Dans la partie finale de son article consacré à l’immeuble occupé par Marie Walewska à Liège, Juliette Noël s’attaque à une légende qui situe cette habitation rue Mandeville. Tâche ardue car l’auteur de la légende n’est autre que Théodore Gobert. Celui-ci a publié des notices sur les rues de Liége en sa période de journaliste à La Gazette de Liège, notices rassemblées en 1891 en quatre volumes éponymes. Il n’est pas question dans cette première édition de Marie Walewska. Vient la seconde édition, en 1926, où Gobert écrit : Située au pied de la colline, cette demeure caractéristique étendait au loin ses superbes jardins plantés d’arbres touffus, qui en faisait l’une des plus agréables résidences rurales. Ici vint s’installer, après la chute de Napoléon 1er, une dame qui, à cette époque, a beaucoup fait parler d’elle. Il s’agit de la comtesse Walewska. Gobert l’a fait mourir le 15 décembre au lieu du 11.
Juliette Noël n’a pas d’explication sur cette affirmation erronée de Gobert ; J’opine à croire qu’il a fait un amalgame avec d’autres biens (…) Quoi qu’il en soit, Gobert sera suivi par les écrivains liégeois postérieurs (…) Les écrivains non-liégeois reprendront l’information. Pour eux, naturellement, la localisation correspondait à un endroit qui leur était inconnu. Juliette Noël, une orfèvre de la précision !
Dans ses Mémoires, le comte Alexandre évoque la période liégeoise après le mariage de sa maman : Mon frère aîné, qui avait 4 ans de plus que moi, Monsieur Carité, un vieux valet de chambre nommé André et moi nous partîmes de Paris en diligence pour aller retrouver ma mère aux Eaux de Chaudfontaine près de Liège. (…) Quelques mois après, nous étions établis dans une charmante maison de campagne à la porte de Liège où ma mère mit au jour au mois de juin 1817 un gros garçon qui fut baptisé sous le nom de Rodolphe. (…) j’accompagnais aussi quelquefois mon beau-père chez un libraire de Liège nommé Desoret (NDLR lire Desoer).
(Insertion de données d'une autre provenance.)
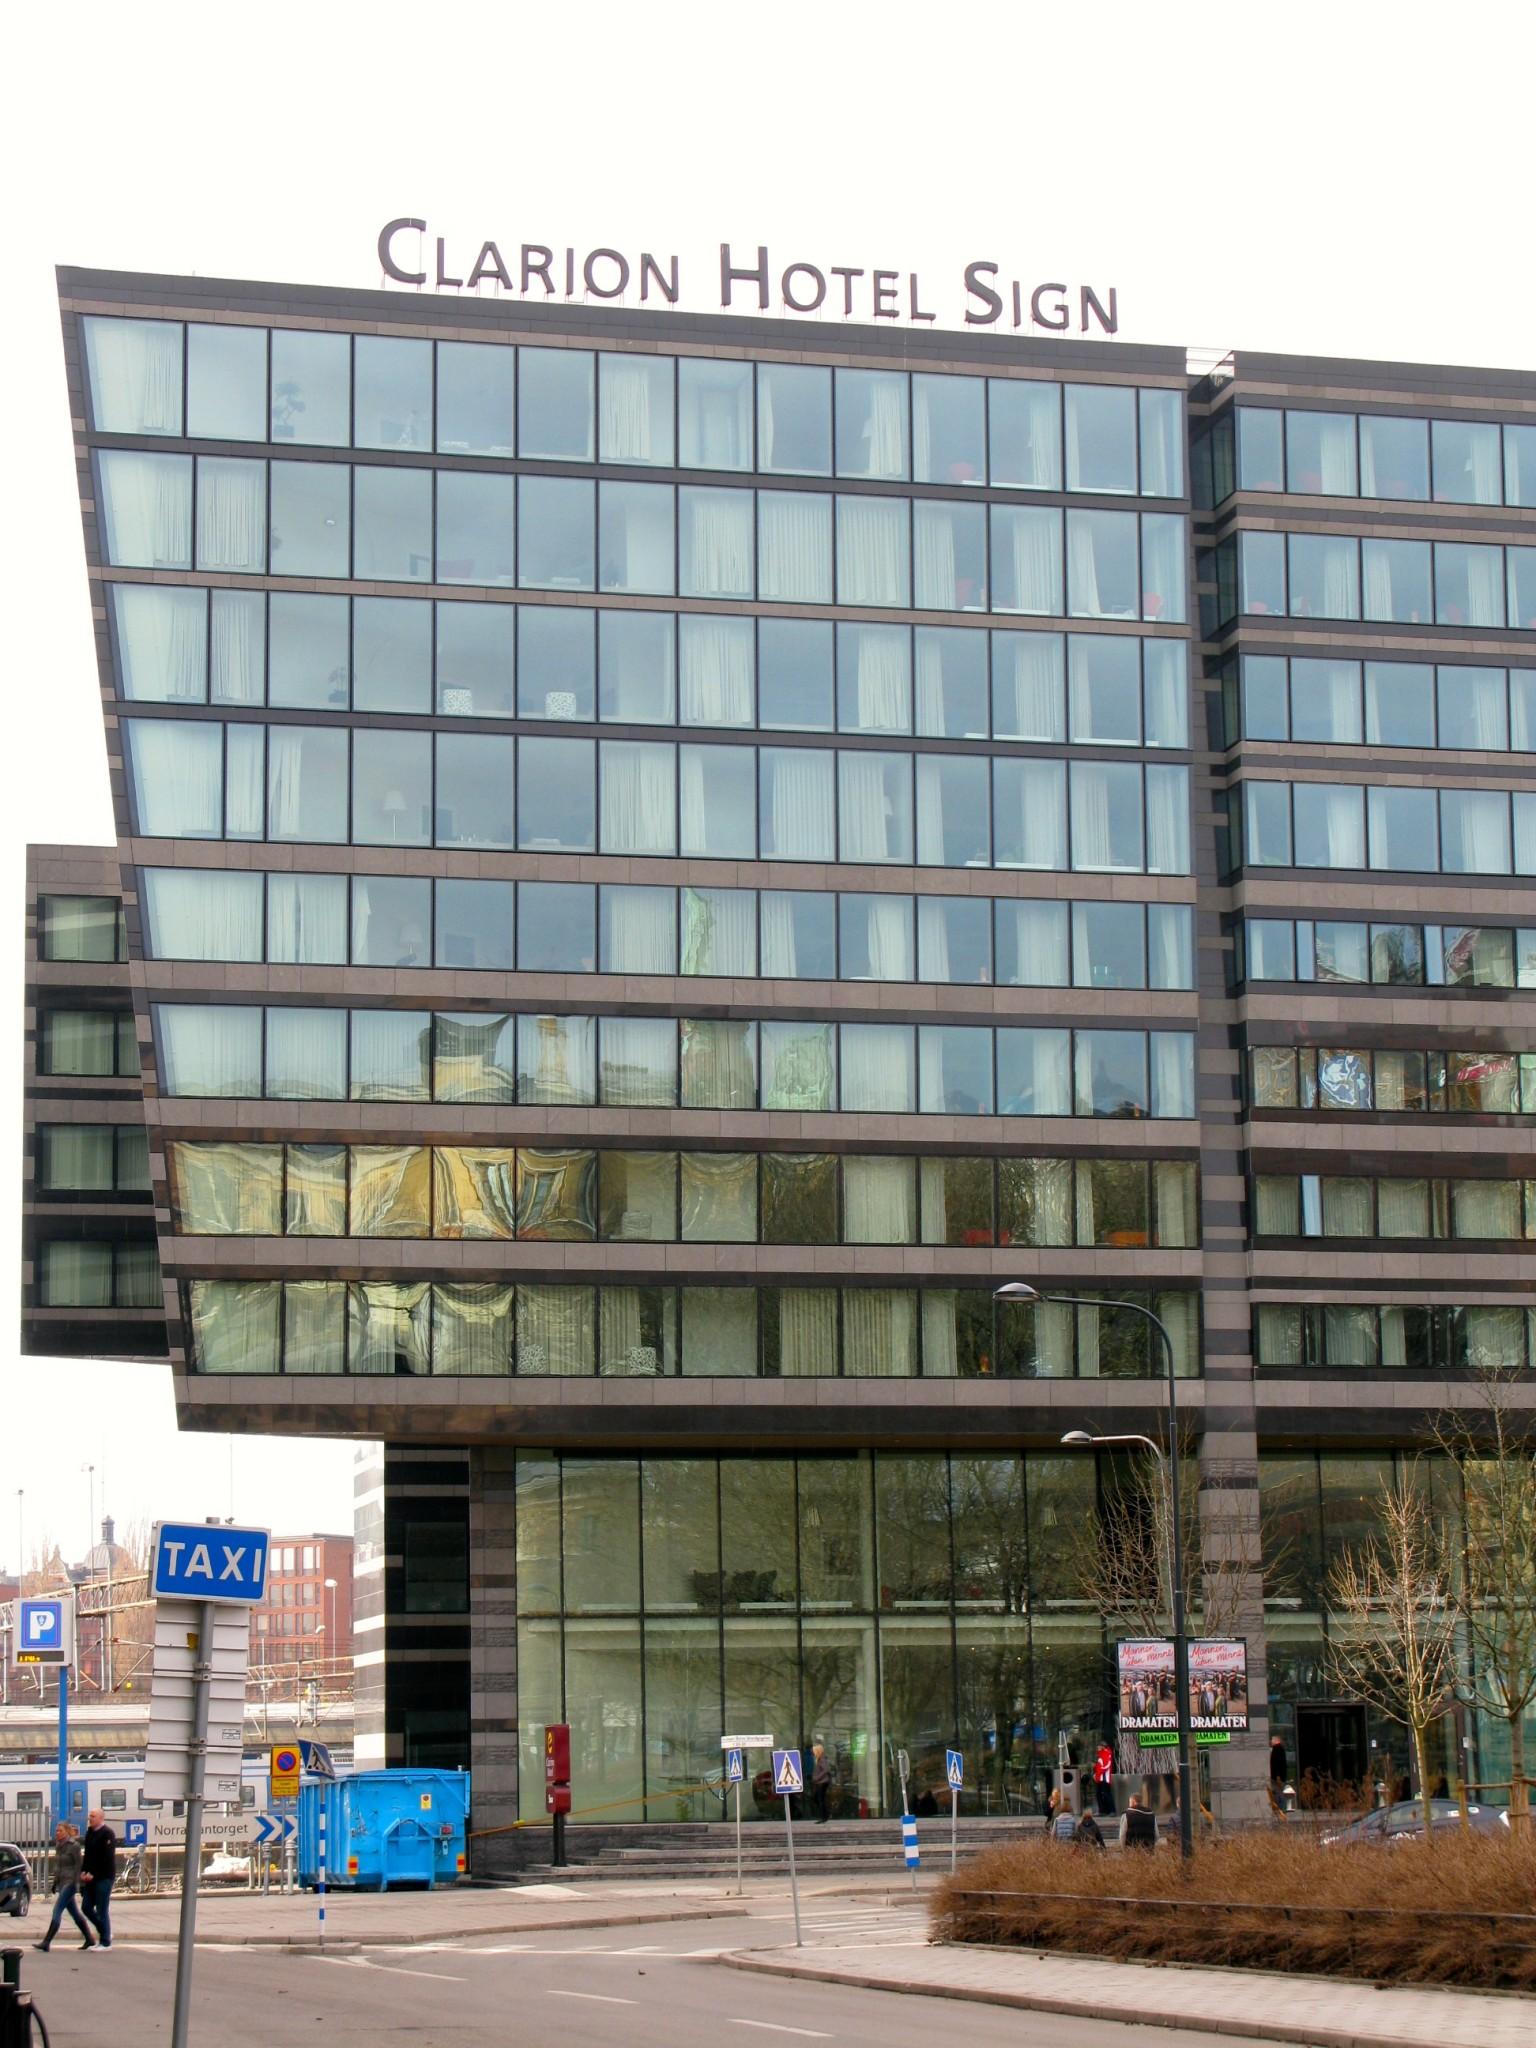 Clarion Hotel Sign Tukholma

Là, j’entendais parler politique sans y rien comprendre, cependant j’ai retenu quelques mots de ces conversations dont plus tard j’ai compris le sens. (…) La campagne que nous habitions était à une demi-lieue de la ville. (…) Le Général Ornano ayant obtenu son rappel, ma mère partit pour Paris au mois d’octobre 1817 avec le nouveau-né qu’elle nourrissait malgré les avertissements de son accoucheur de Varsovie le célèbre Czekieski, qui lui avait prédit que si jamais elle se décidait à nourrir elle le paierait de sa vie. Peu de jours après son départ, le Général Ornano, mon frère et moi, nous nous mîmes en route pour aller la rejoindre. Nous voyagions en poste dans une bonne berline lorsqu’au milieu de la nuit près de Namur, nous versâmes dans un fossé (…) Nous arrivâmes le lendemain à Paris à trois heures du matin nous rendant dans la chambre de ma mère. Elle se réveille pour nous embrasser. Quel doux réveil dit-elle mon mari et mes enfants, ce sont là les dernières paroles. Le lendemain, son état s’aggrave au point que ses enfants ne peuvent plus la voir. Elle expire le 11 décembre à six heures du soir d’un abcès au sein dont on n’avait reconnu l’existence que trop tard pour risquer une opération et de calculs rénaux.